For each action, write a practical one-liner about when to use it. Don't just restate the action name.

**Good**: "Look up a Jira issue by its key (e.g., PROJ-123) to get status, assignee, and description"
**Bad**: "Find issue by key in Jira"

**Good**: "Send a message to a Slack channel — use for team updates, announcements, or sharing summaries"
**Bad**: "Send a channel message in Slack"

### Writing the "when to use" section

Tailor this to what the user told you about their role. Examples:

**For a PM**: "When the user asks about project status, sprint progress, or team updates, check Jira first. For sharing decisions or updates, draft a Slack message. Use Google Docs for longer-form writing."

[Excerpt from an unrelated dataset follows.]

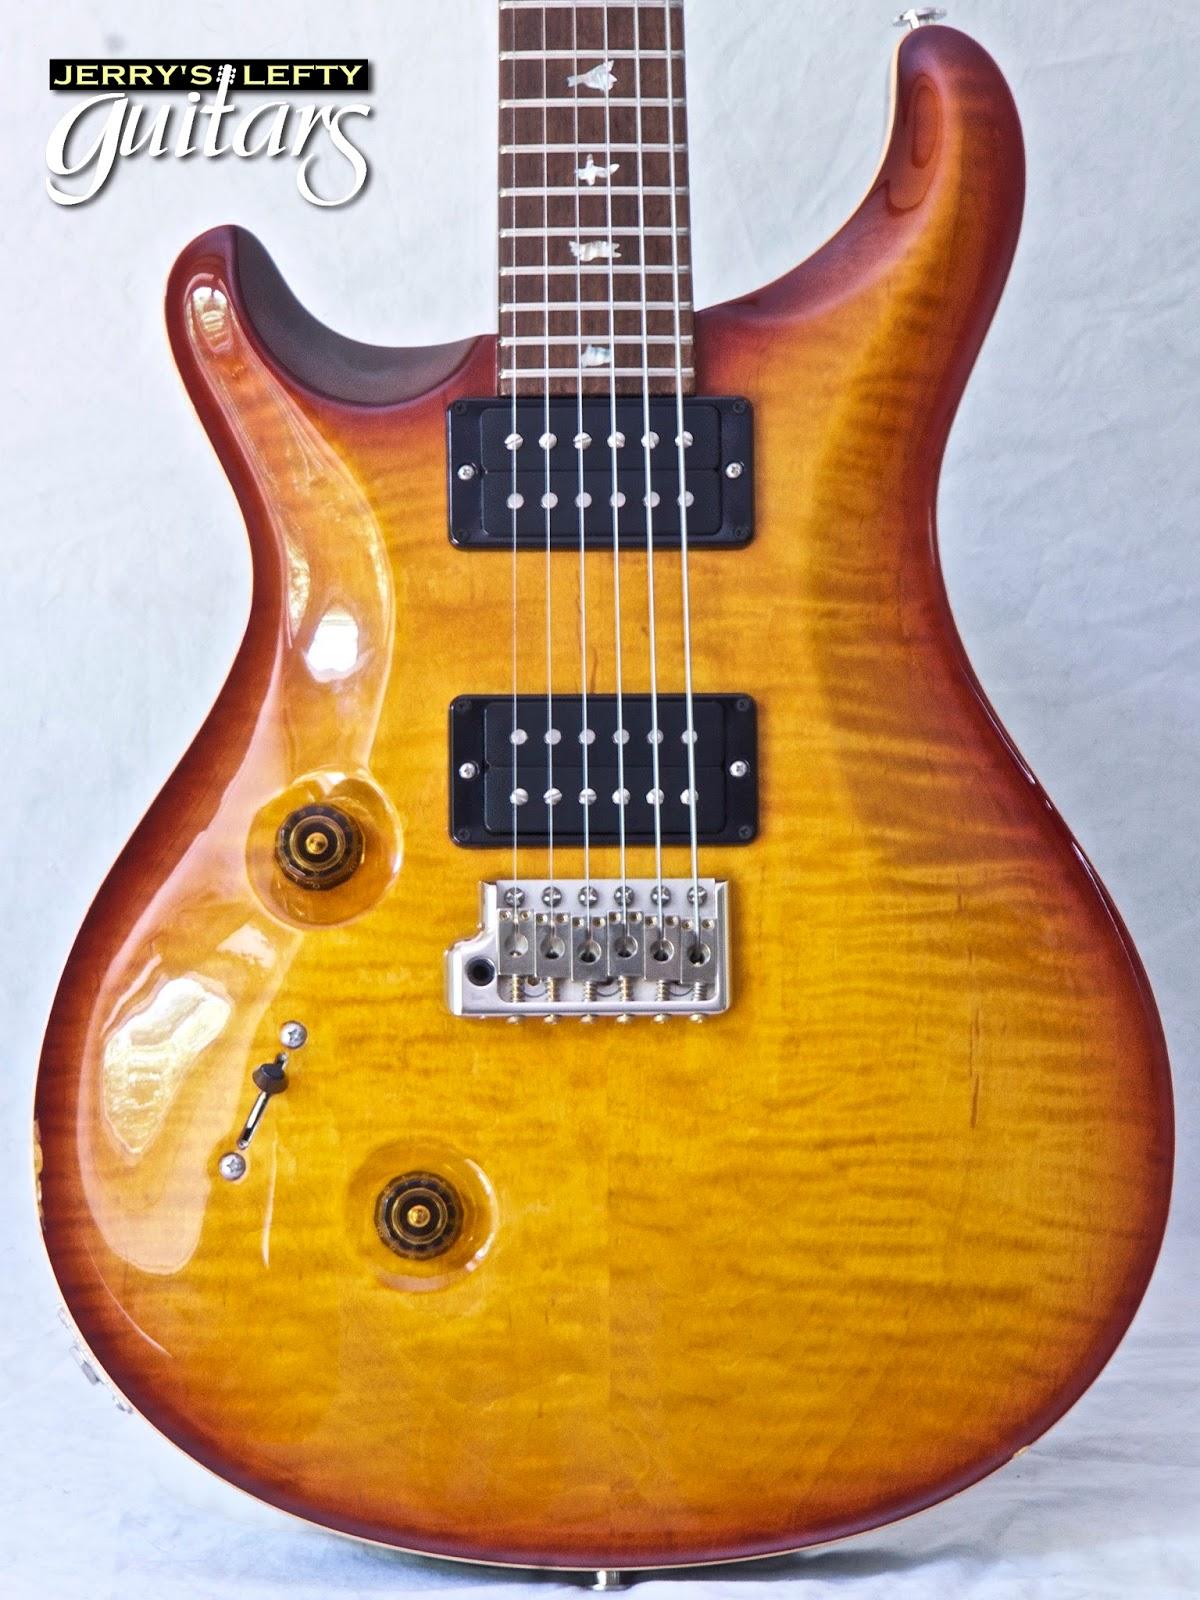 jerry 39 s lefty guitars newest guitar arrivals updated weekly 2012 prs custom 24 amber burst. Black Bedroom Furniture Sets. Home Design Ideas

**For a developer**: "When the user mentions a merge request, branch, or code review, check GitLab. For bug reports or task tracking, use Jira. Slack for quick team comms."

**For sales**: "When the user asks about a contact, deal, or company, check HubSpot first. Use Gmail for outreach drafts. Google Calendar for scheduling."

If the user didn't provide role context, write something generic but still useful: "Use these tools whenever the user's request involves one of the connected apps. Prefer read actions for gathering context, and confirm before executing write actions."

## Step 5: Confirm and explain

After writing the file (or showing the content for Claude Desktop), tell the user:

"Created your tools profile at `[path]`. This means every conversation will know about your tools and when to use them.

You can edit it anytime to adjust preferences or add context. A few things you might want to tweak:

- The 'when to use' guidance if your workflow changes
- Whether write actions should auto-execute or always confirm first
- Any app-specific preferences (e.g., 'always use #general for Slack updates')

To update this profile after adding new tools, just say 'update my tools profile'."

## Handling updates

If the user says "update my tools profile" and the file already exists:

1. Read the existing file
2. Get the current tool inventory (Agentic: call `list_enabled_zapier_actions`; Classic: inspect available MCP tools)
3. Diff what's new vs. what's already documented
4. Update the file, preserving any custom edits the user made to the preferences section
5. Note what changed: "Added 3 new Google Sheets actions. Your custom preferences were preserved."